• Dataset content
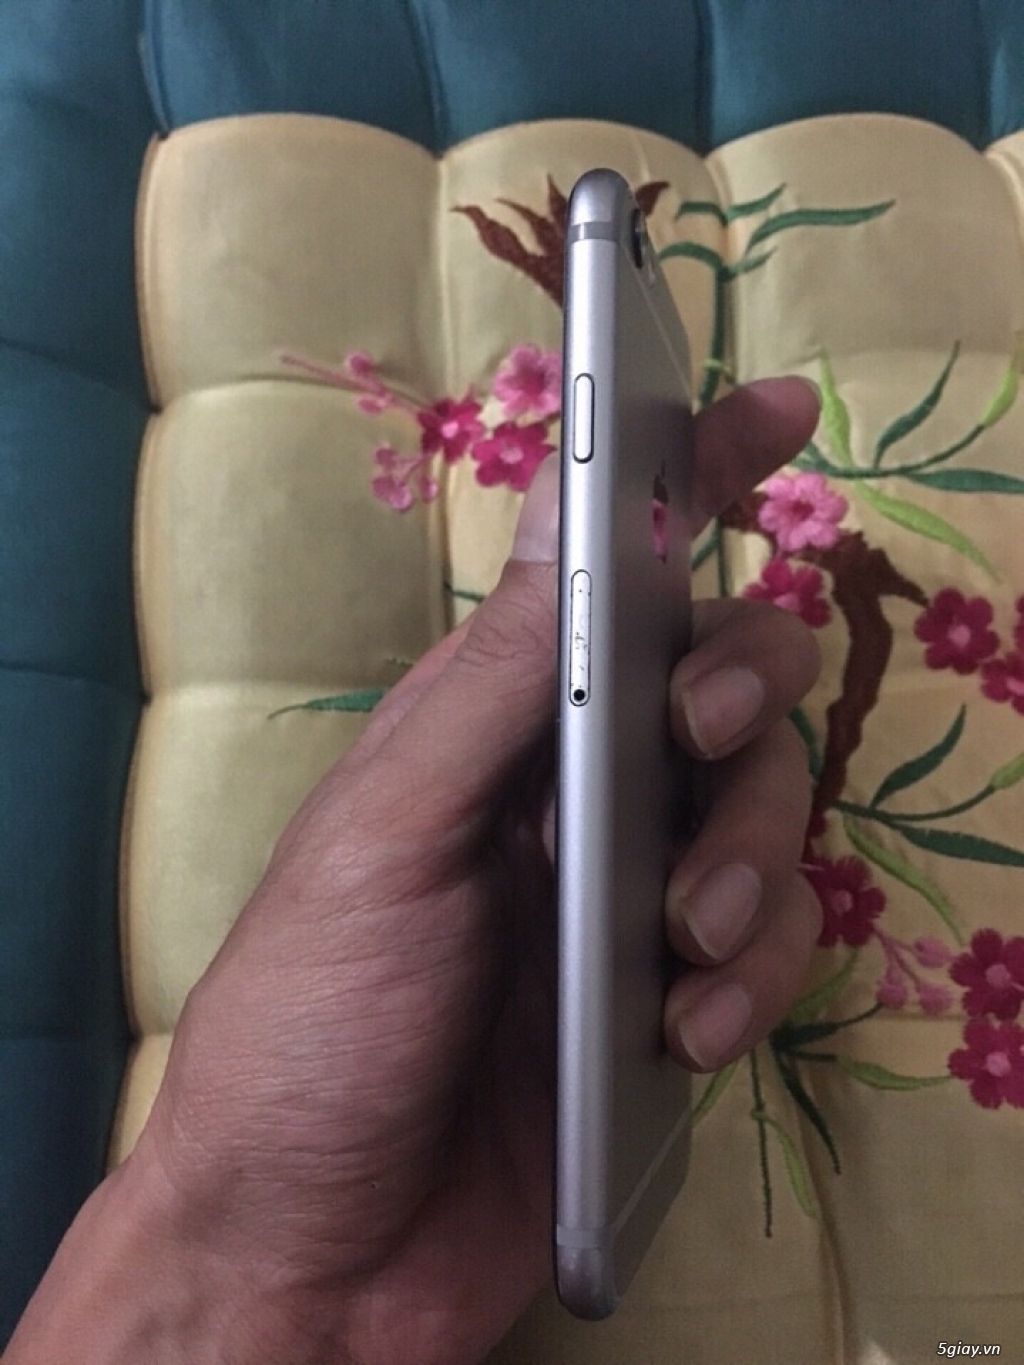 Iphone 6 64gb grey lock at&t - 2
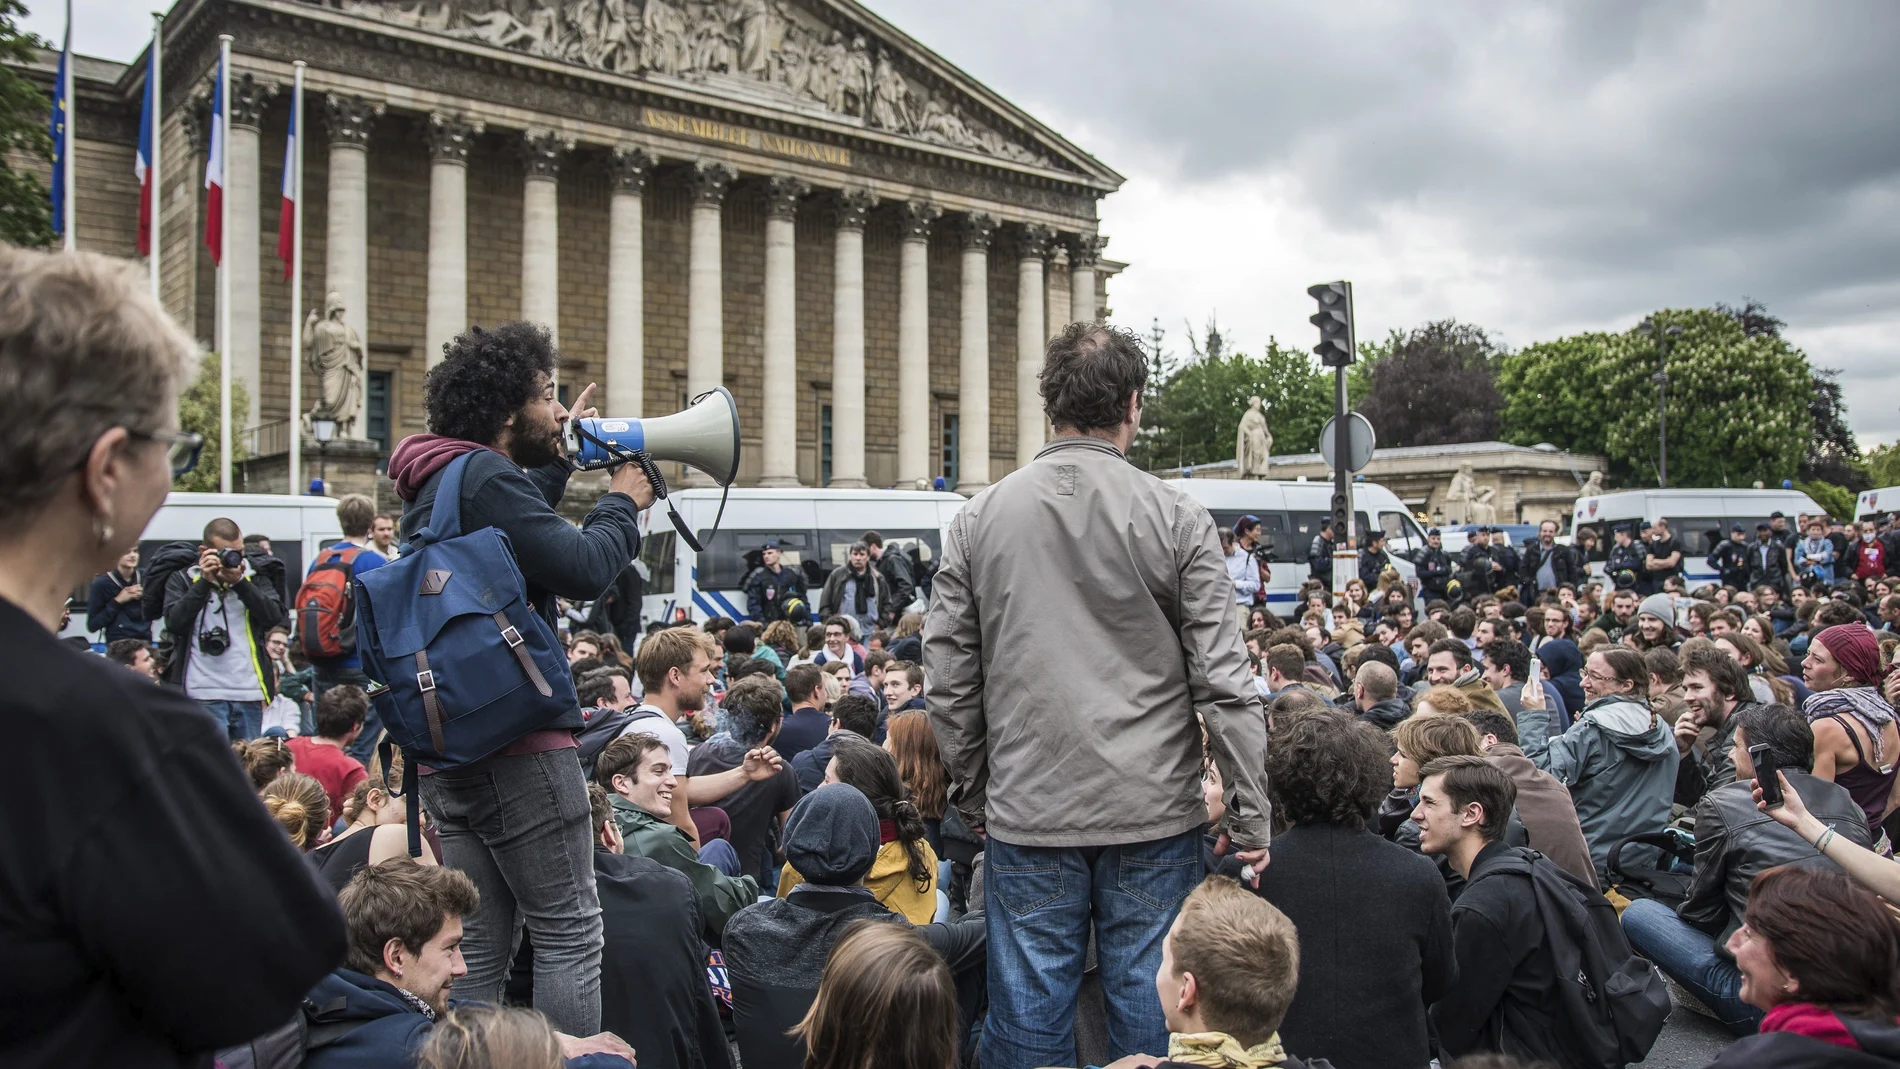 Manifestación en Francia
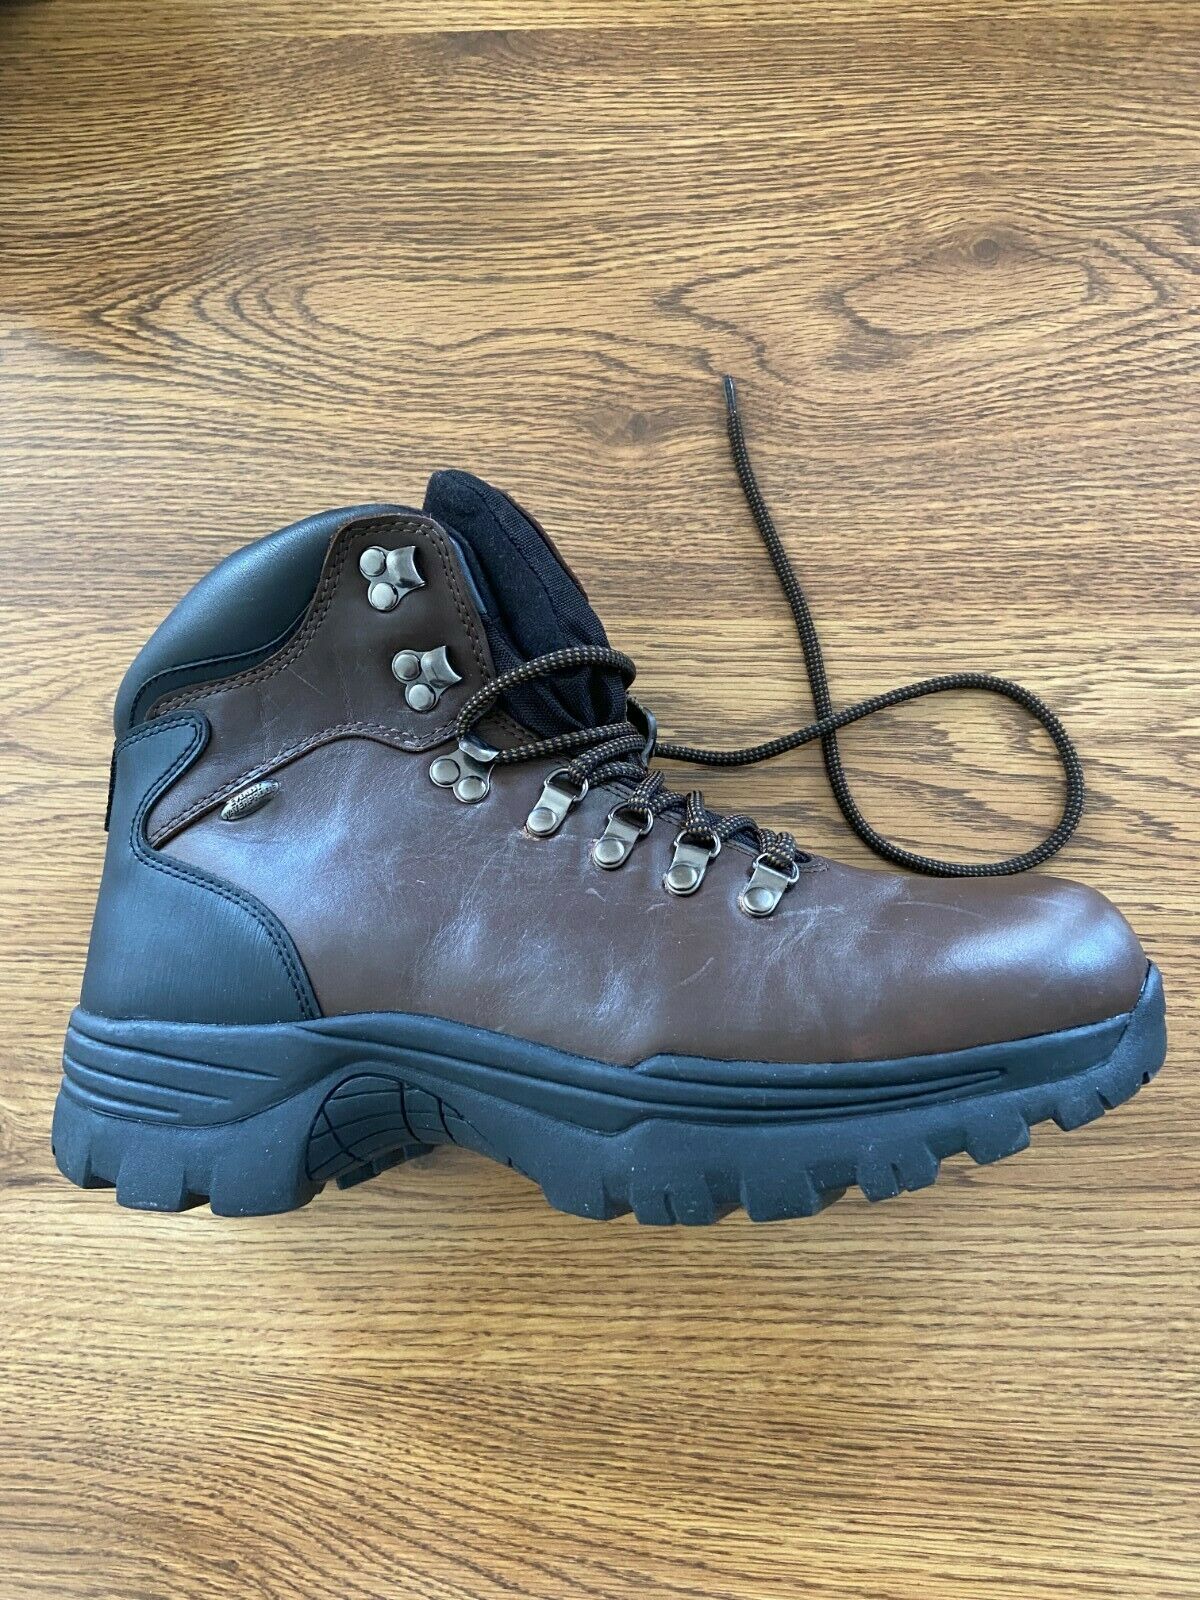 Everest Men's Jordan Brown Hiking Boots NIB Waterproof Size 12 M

• Problem requirements
Without the pictures, repeat the listing word for word.

• Expected answer
 Iphone 6 64gb grey lock at&t - 2
 Manifestación en Francia
 Everest Men's Jordan Brown Hiking Boots NIB Waterproof Size 12 M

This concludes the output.